On the 22nd he again wrote:-

"I now learn as an actual fact that the firm in question are the real distributors of opium in Manchuria. There is no secret made of it; in fact they advertise it, as you may see in the Manchuria Daily News. A medical certificate is necessary for its purchase at the Mukden branch, but it can be bought by anyone at the Dairen office without restriction. The usual procedure is to go to Dairen and purchase it, and bring it along in the train for disposal here or elsewhere. I am told there is no difficulty about the matter at all."

It is generally believed here that many of the exchange shops which have been opened recently, especially those in the neighbourhood of the Japanese railway station, are blinds for the sale of smuggled opium; and the railway town at Changchun is full of cheap hotels and other places where opium, brought from the north, is bought and sold. Now and then somebody is discovered smuggling, and his conviction and punish- ment are proclaimed in the newspapers, but, generally speaking, the trade goes on completely unchecked. The Chinese authorities are quite powerless, as the offenders are either foreigners (Japanese, Russians, Greeks, &c.) or take care to conduct their smuggling operations on territory under foreign administration.

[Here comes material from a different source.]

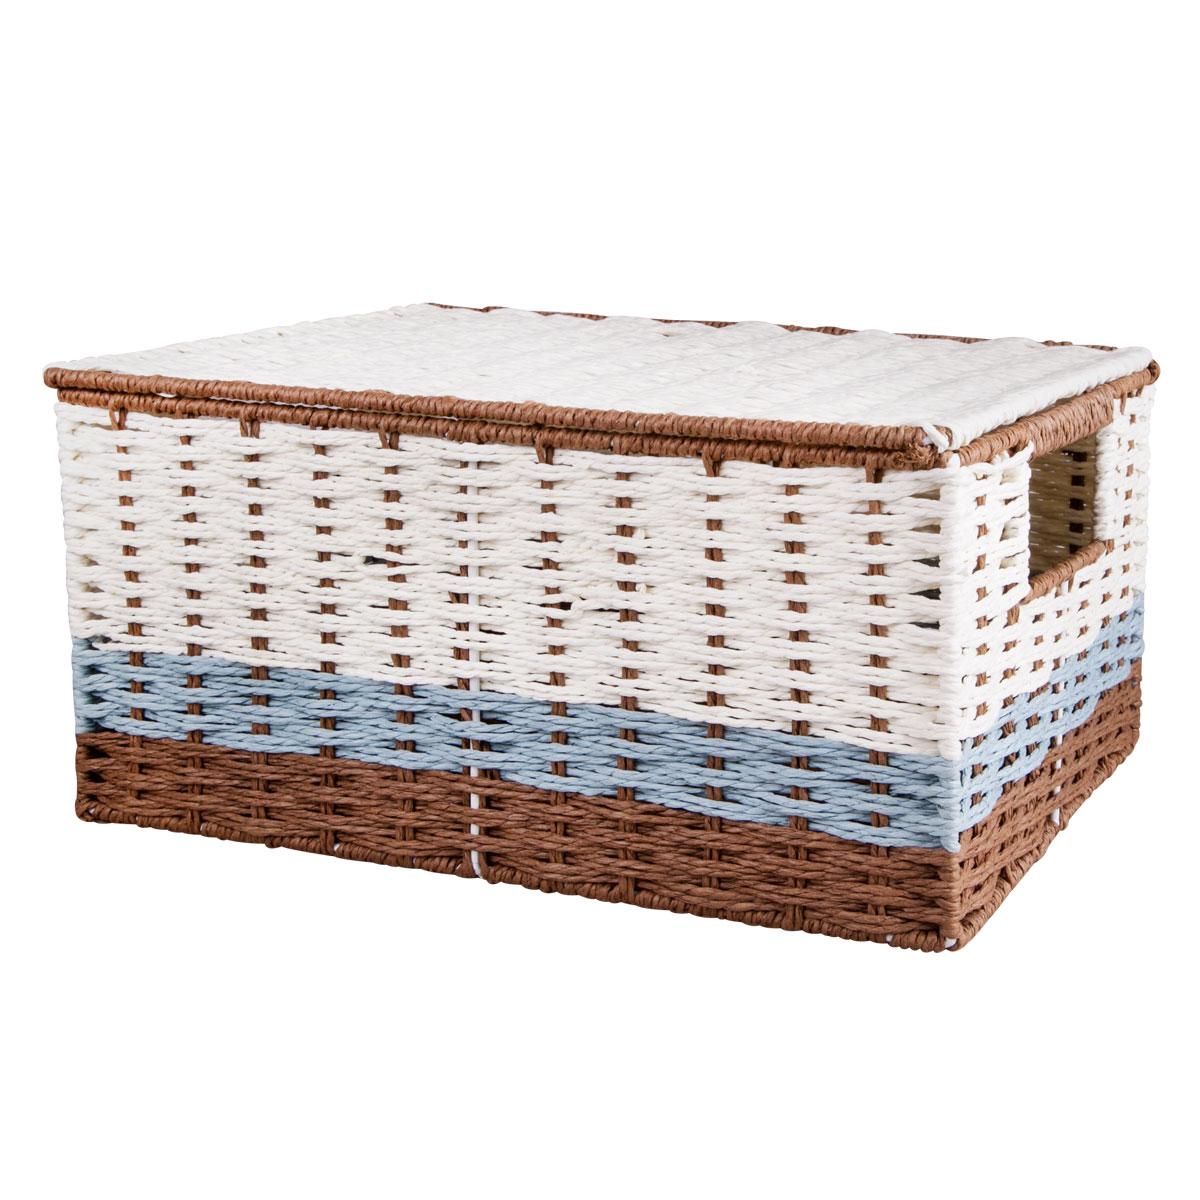 Корзина для хранения Miolla, с крышкой и ручками, 45 х 33 х 21 см . BSK5-L19201Лучшее решение для хранения вещей - корзина для хранения Miolla. Экономьте полезное пространство своего дома, уберите ненужные вещи в удобную корзину и используйте ее для хранения дорогих сердцу вещей, которые нужно сберечь в целости и сохранности.

A gentleman travelling for a home firm of surgical instrument manufacturers told me in 1914 that he had ascertained that it was possible in many places to buy from Japanese chemists and others a morphia syringe and a dose of morphia for 30 cents (74d.), and Dr. Colman, of Changchun, told me about the same time that jinriksha coolies and similar persons of humble degree could obtain an injection of morphia for 10 cents. There is no reason to suppose that circumstances are different in these respects at the present time.

I have, &c.

P. E. O'BRIEN-BUTLER.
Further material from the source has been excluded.